“咳咳……”喬鳶一臉驚恐,“你給我吃了什麼?”
“爛腸毒液。”南宮嫵如實告訴她,“三日後麵沒有解藥,就會爛腸而死,喬鳶,這就是你背主的下場。”
“你……”喬鳶感覺到肚子開始隱隱作痛,連忙用手指去摳喉嚨,想要把藥水吐出來。
但怎麼還能吐得出來?
周家人的臉色都變了。
這個南宮嫵好像中邪了一樣,跟以前若判兩人。
“南宮嫵,你好惡毒的心,喬鳶好歹跟你主僕一場,你居然給她下毒藥,想要殺她滅口?”周紹榮怒喝。
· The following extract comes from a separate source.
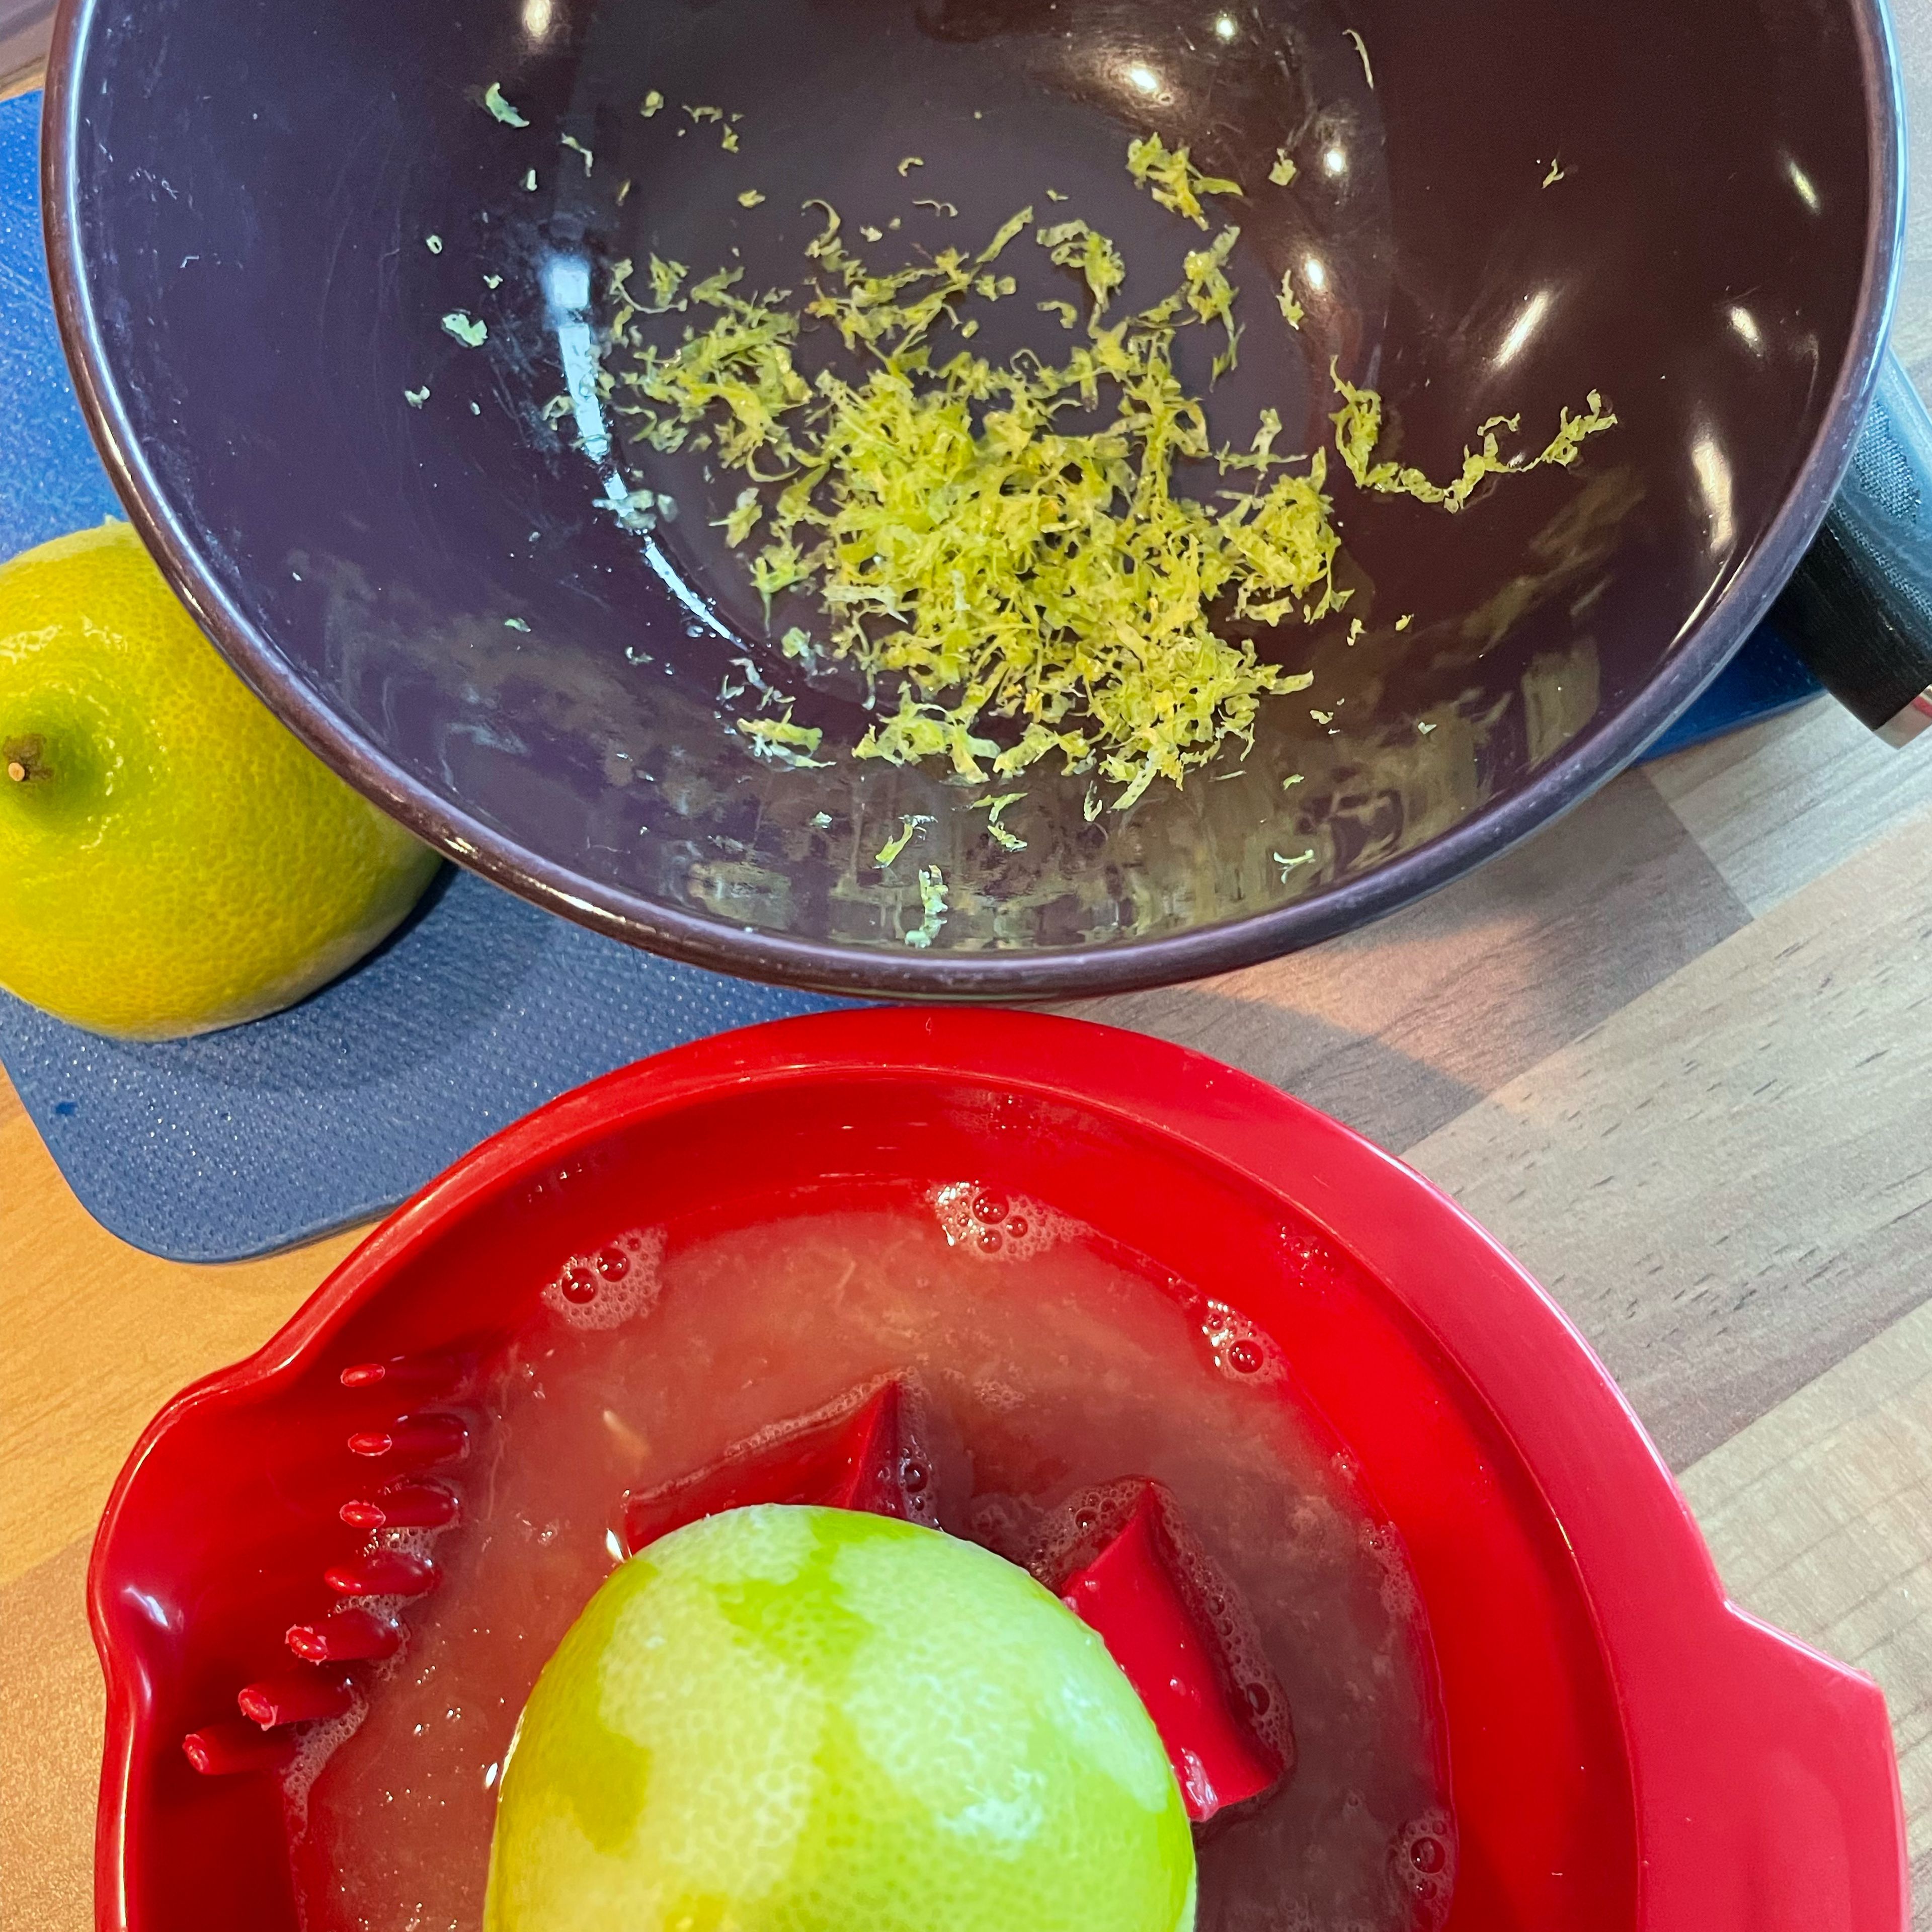 In der Zwischenzeit Schale von der Zitrone abreiben und den Saft auspressen. Schnittlauch waschen und in feine Ringe schneiden

“周紹榮,你們早已收買喬鳶,她是你們養的一條狗,就是讓她來汙衊我的,她的話不可信。”南宮嫵拿起喬鳶剛才戴的發簪和珠花。
“這些首飾都是我的嫁妝,是皇家禦賜之物,上麵都印有‘禦’字樣,如今被這個賤婢偷走,還明目張膽戴在頭上。
按我朝律法,偷盜禦賜品者當斬。”
“我不是偷的。”喬鳶驚得麵色慘白,“這些東西是你送給我的,原來是想害我。”
“你不過是我隨意能打殺的一個賤婢,想害你有多的辦法,為何要送你禦賜之物?”南宮嫵冷笑。
“你不是南宮嫵。”周紹榮眼睛死死盯著她的臉。
以前的南宮嫵絕對沒有這種犀利的眼神,更沒有這樣的膽量。
他看著南宮嫵的肚子,剛生完孩子的女人都虛弱,可這個女人的力氣卻大得很,打得他的臉火辣辣的疼,覺得這個女人不是真正南宮嫵。
南宮嫵懶得理會他,收拾完喬鳶這個叛主的奴婢,將矛頭轉向另外一個仇人,柳月兒。
這個女人先是毀了原主的臉,又在今日殺死了她。
她睚眥必報,凡是傷害她的人,絕對要加倍討回來。
“噗!”喬鳶突然噴出一口鮮血,濺紅了地上的紅地毯。
“啊!”賓客們驚得後退。
“她不會是快要死了吧?”
“三日斷腸液,最多活過三日。”
“小姐,奴婢知道錯了……”喬鳶額頭冷汗直冒,手捂著絞痛的肚子,終於感覺到死亡的氣息。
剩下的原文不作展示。